Sovyetler Birliği ise savaşın başlangıç yıllarında olası bir Alman saldırısına dair çeşitli istihbarat bilgileri almasına rağmen, yapılan saldırmazlık anlaşması nedeniyle bu bilgilere tam olarak itimat etmemişti. Saldırı ihtimalinin giderek güçlenmesiyle birlikte Sovyet yönetimi sınır hattında Molotov Hattı olarak bilinen tahkimat hatlarını oluşturmaya ve birlik kaydırmaya başlamıştı. Bununla birlikte Sovyet ordusu, 1930’lu yıllarda gerçekleştirilen Büyük Temizlik hareketleri sonucunda çok sayıda deneyimli komutan ve askerin tasfiyesi nedeniyle zayıflamış, bu durum Alman stratejistlerinin Sovyet direncini olduğundan hafife almasına yol açmıştı.
Hitler’in saldırı planı, yalnızca Sovyet ordusunu imha etmeye değil, aynı zamanda ülkenin ekonomik kaynaklarını ele geçirmeye de dayanmaktaydı. Sovyetler Birliği petrol, ham madde ve tahıl bakımından zengin bir ülke olarak Almanya’nın savaş ekonomisi açısından kritik bir hedef olarak görülmüştü. Ayrıca Almanya’nın savaş boyunca kullandığı kara ordusu stratejisinin hız ve derin taarruz üzerine kurulması, Sovyet topraklarını ideolojik ve stratejik bir hedef hâline getirmişti. Bu süreçte Sovyet toplumunda savaş algısı yalnızca askerî bir çatışma değil, vatan savunması ve faşizme karşı ideolojik bir mücadele olarak şekillenmişti. Savaşın başlamasıyla birlikte Sovyet halkı, kadın-erkek, genç-yaşlı ayrımı olmadan topyekûn seferberlik hâline geçirilmiş; edebiyat, şiir ve propaganda araçları halkı direnişe yönlendirmek için aktif bir biçimde kullanılmıştı. Bu ideolojik seferberlik, devletin resmî söyleminde savaşın “Büyük Vatan Savaşı” olarak adlandırılmasıyla pekiştirildi.

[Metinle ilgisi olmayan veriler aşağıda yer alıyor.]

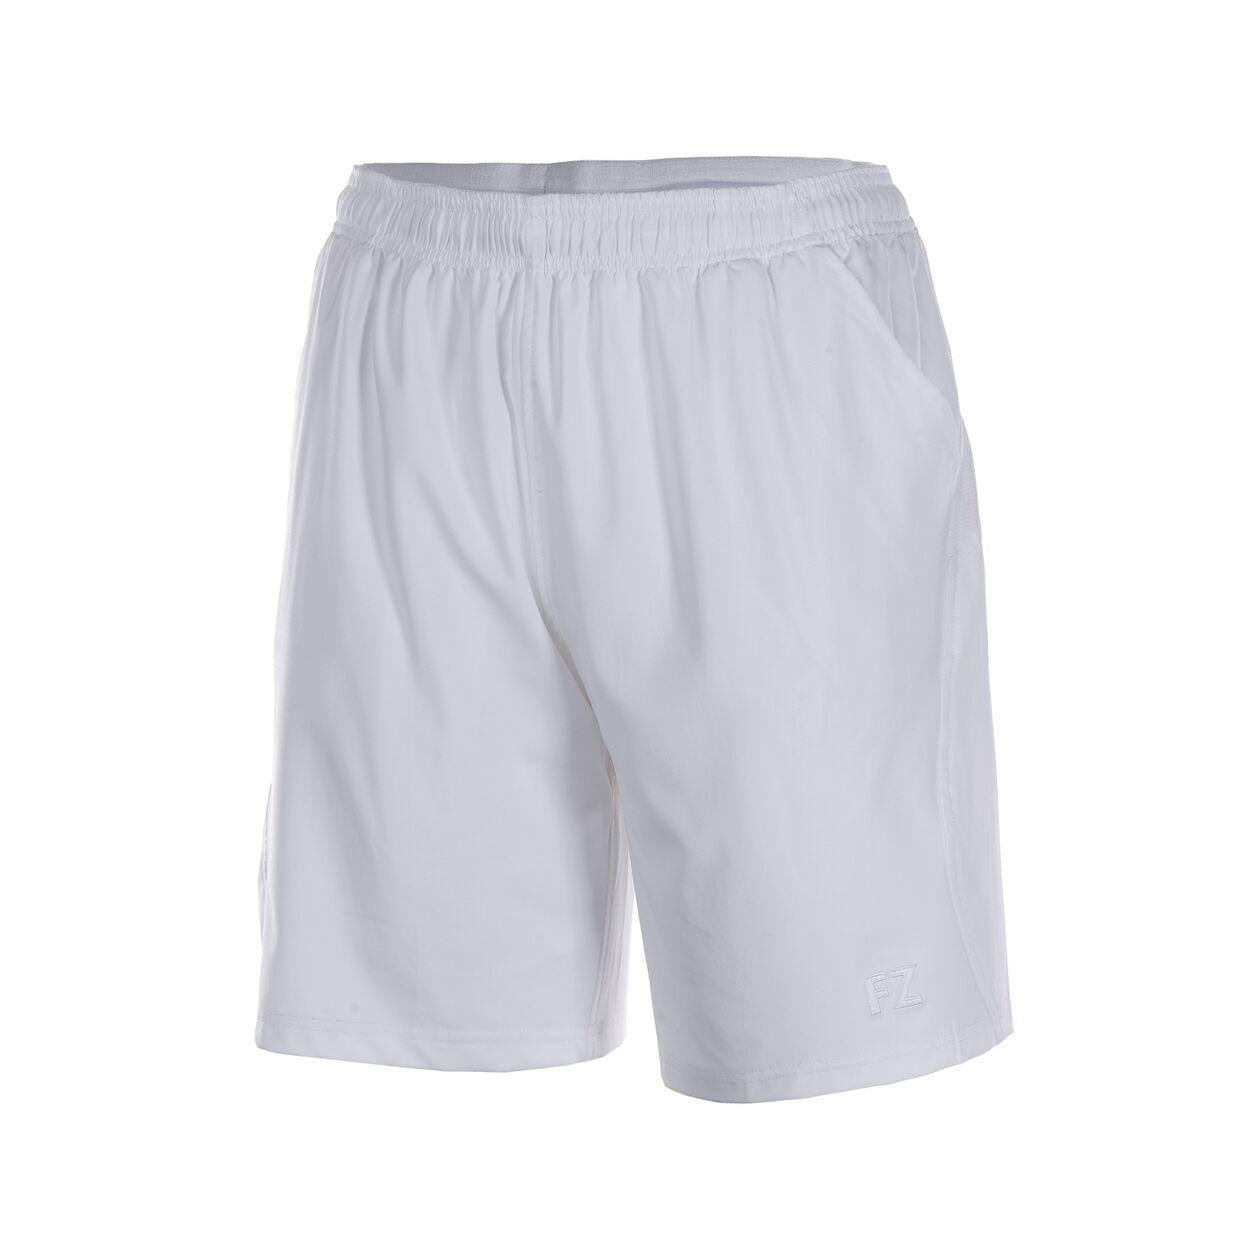 FZ Forza Ajax Shorts Men White S
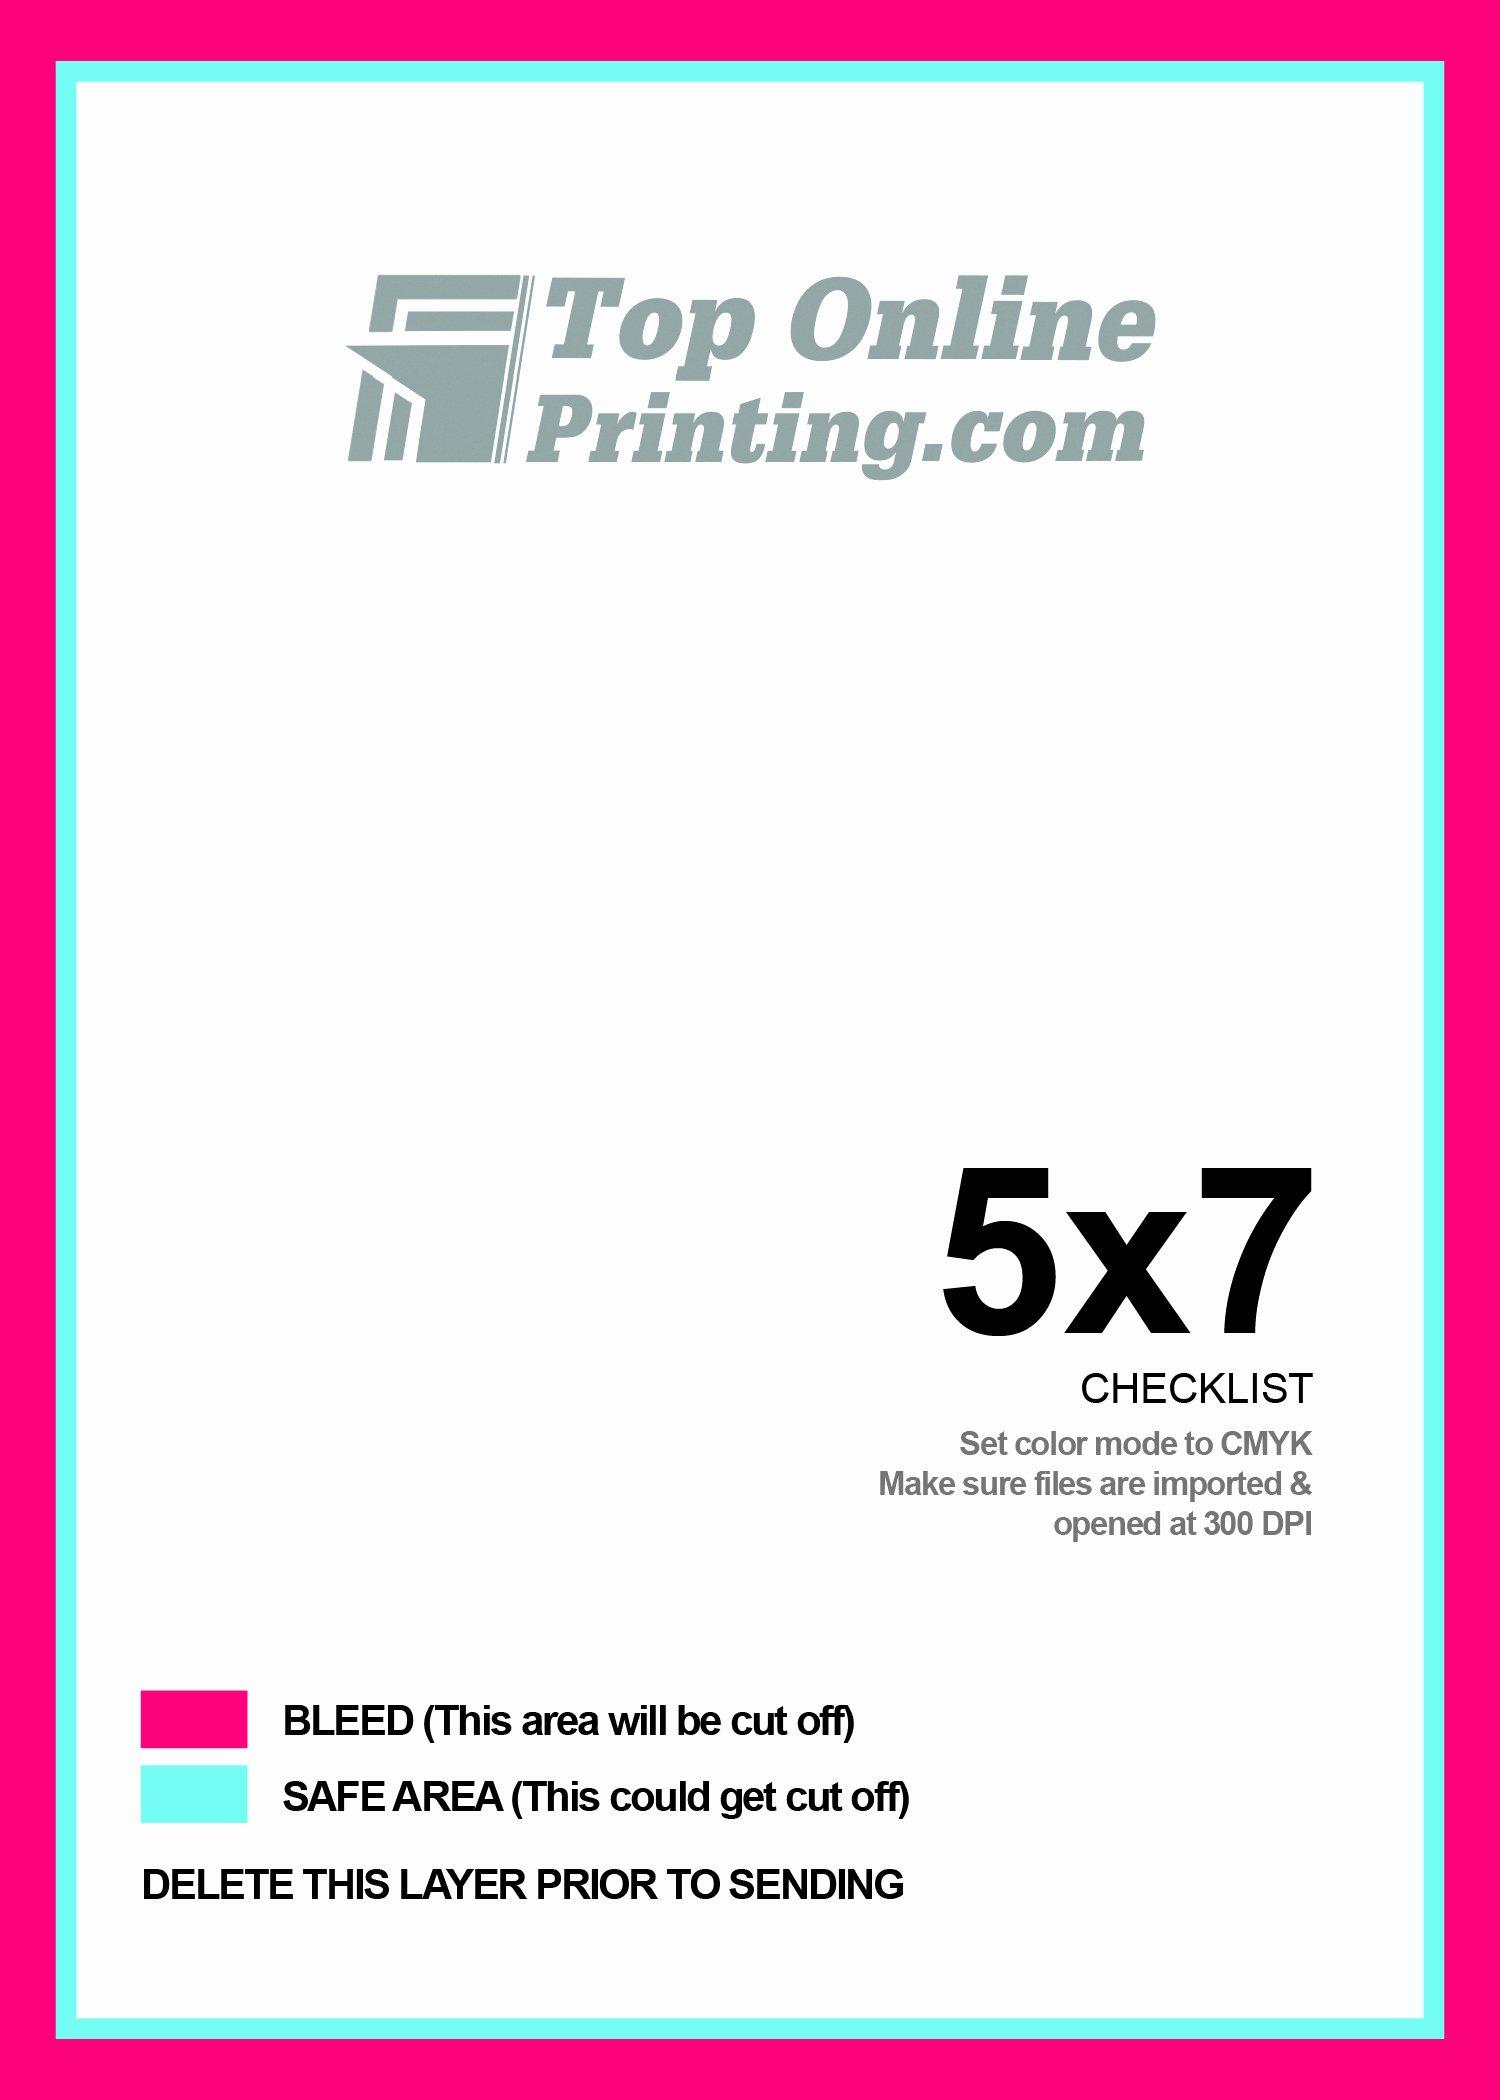 5 X 7 Postcard Template Lovely 5x7 Postcard Printing

Sovyet - Alman savaşının başlamasıyla birlikte cephedeki güç dengeleri yalnızca askerî sonuçlar doğurmamış, aynı zamanda bölgesel ve diplomatik ilişkileri de etkilemişti. Türkiye açısından savaşın ilk dönemlerinde iki büyük güç arasındaki çatışma kısa vadede bir rahatlama yaratmış, ancak ilerleyen dönemde Boğazlar üzerindeki talepler ve propaganda faaliyetleri nedeniyle Sovyet tehdidi yeniden belirginleşmişti. Bu durum Almanya ve Sovyetler Birliği'nin Türkiye’yi kendi çıkarları doğrultusunda konumlandırma çabalarını beraberinde getirdi.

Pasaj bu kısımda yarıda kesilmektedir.